* _WHAT IS BEING ASKED_: Set down the data again word for word. Skip any pictures.

* _PROVIDED MATERIAL_:
========================================================================
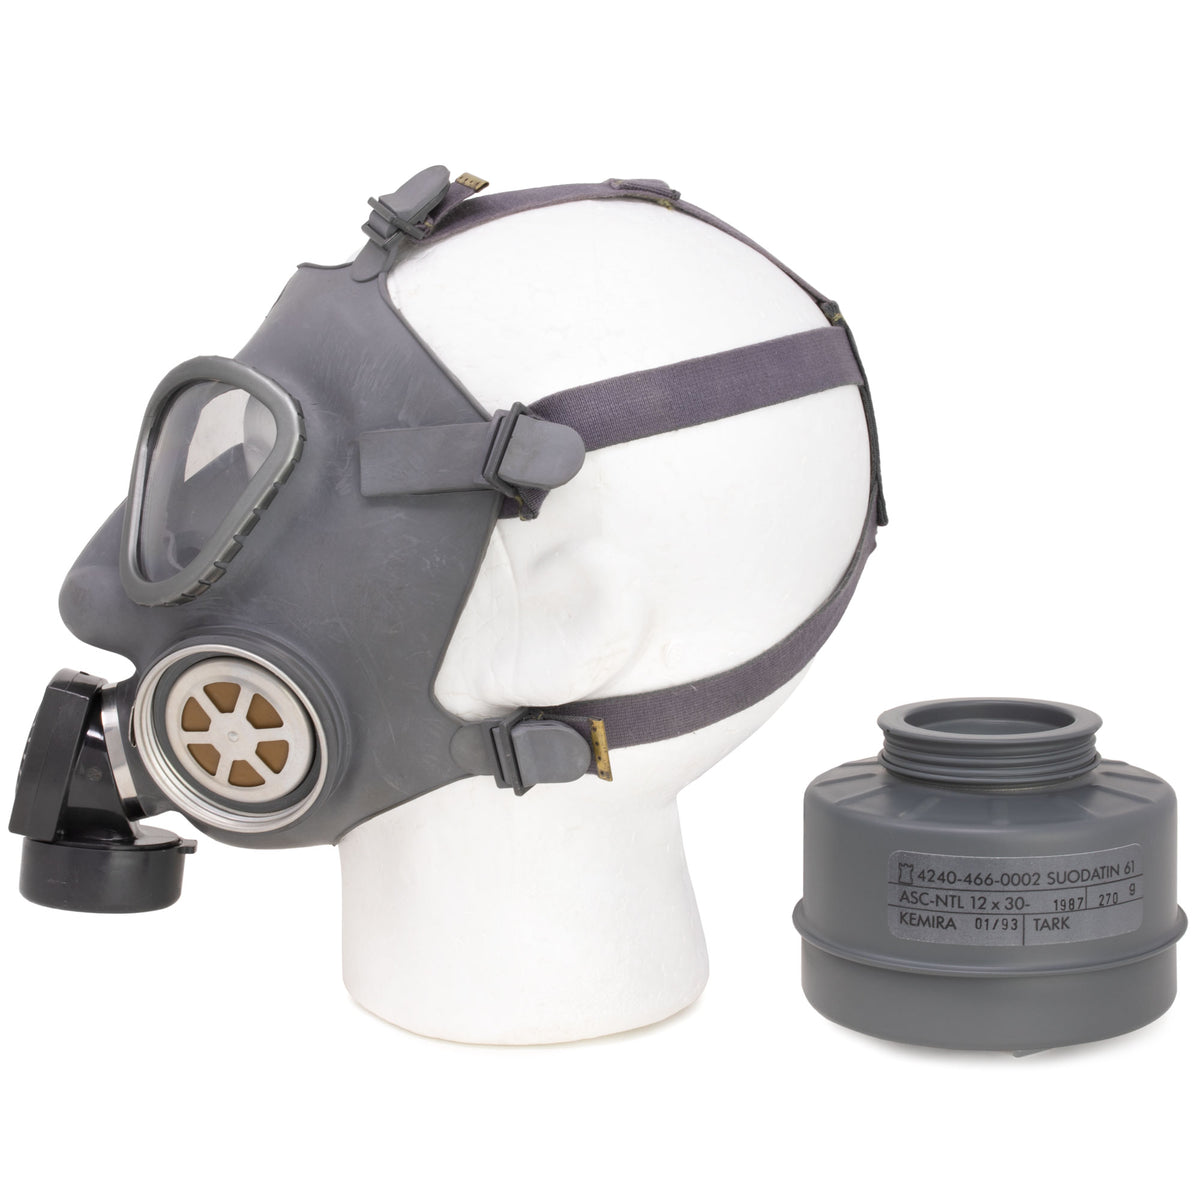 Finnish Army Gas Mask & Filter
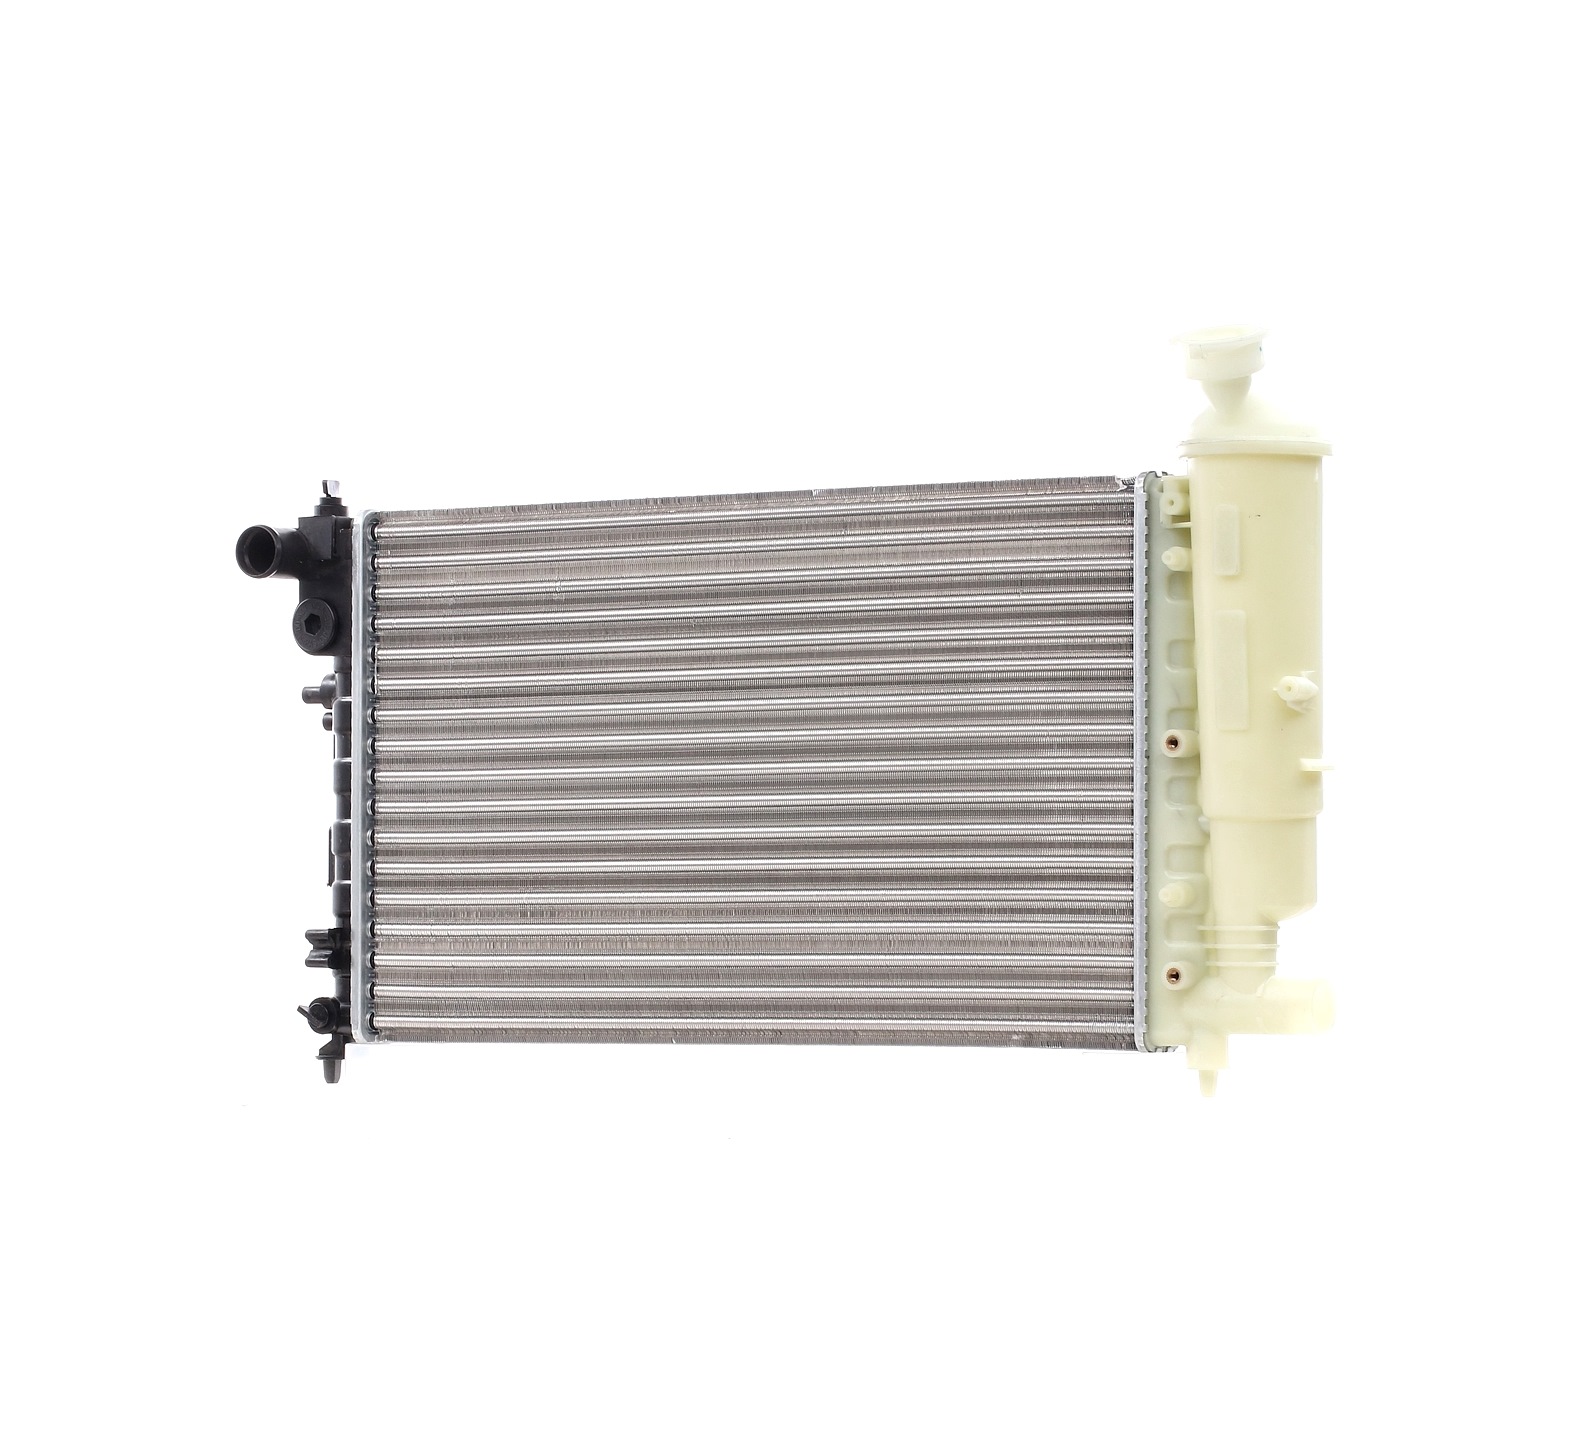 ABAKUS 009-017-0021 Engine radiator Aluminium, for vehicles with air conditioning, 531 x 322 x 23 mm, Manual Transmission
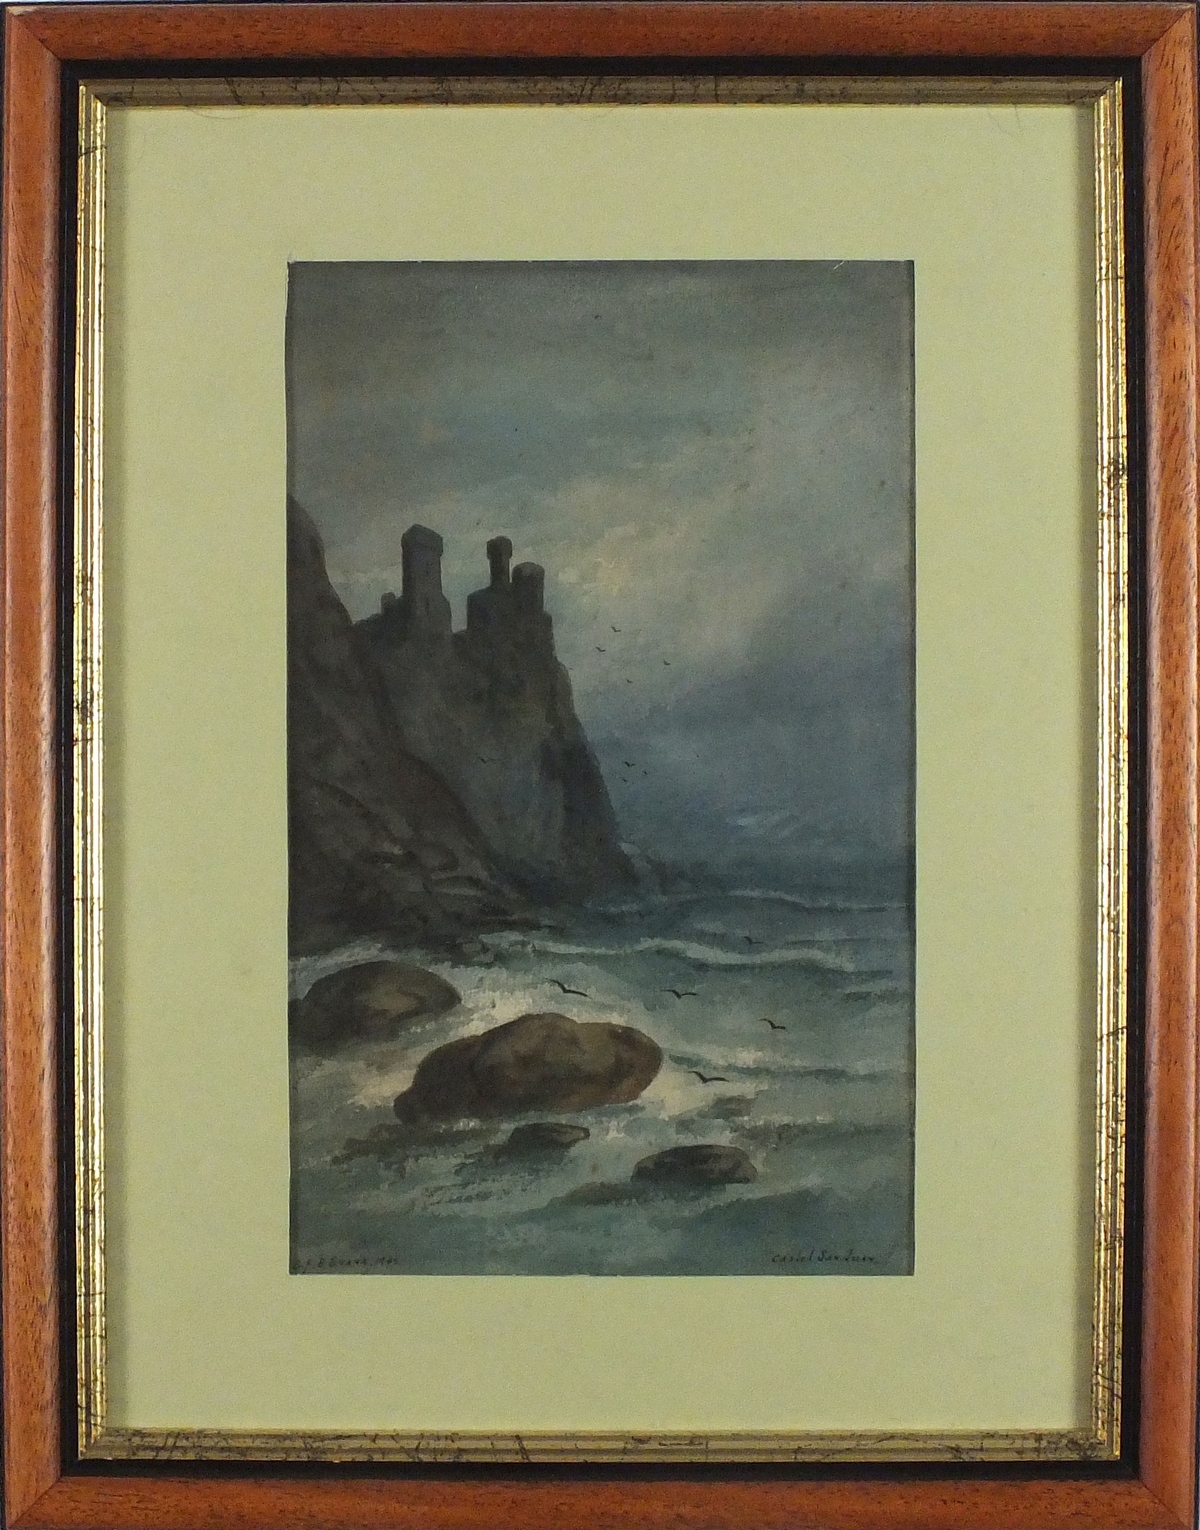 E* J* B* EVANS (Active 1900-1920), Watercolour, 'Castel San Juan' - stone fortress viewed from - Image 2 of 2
========================================================================
* _SOLUTION TO THE EXERCISE_:
 Finnish Army Gas Mask & Filter
 ABAKUS 009-017-0021 Engine radiator Aluminium, for vehicles with air conditioning, 531 x 322 x 23 mm, Manual Transmission
 E* J* B* EVANS (Active 1900-1920), Watercolour, 'Castel San Juan' - stone fortress viewed from - Image 2 of 2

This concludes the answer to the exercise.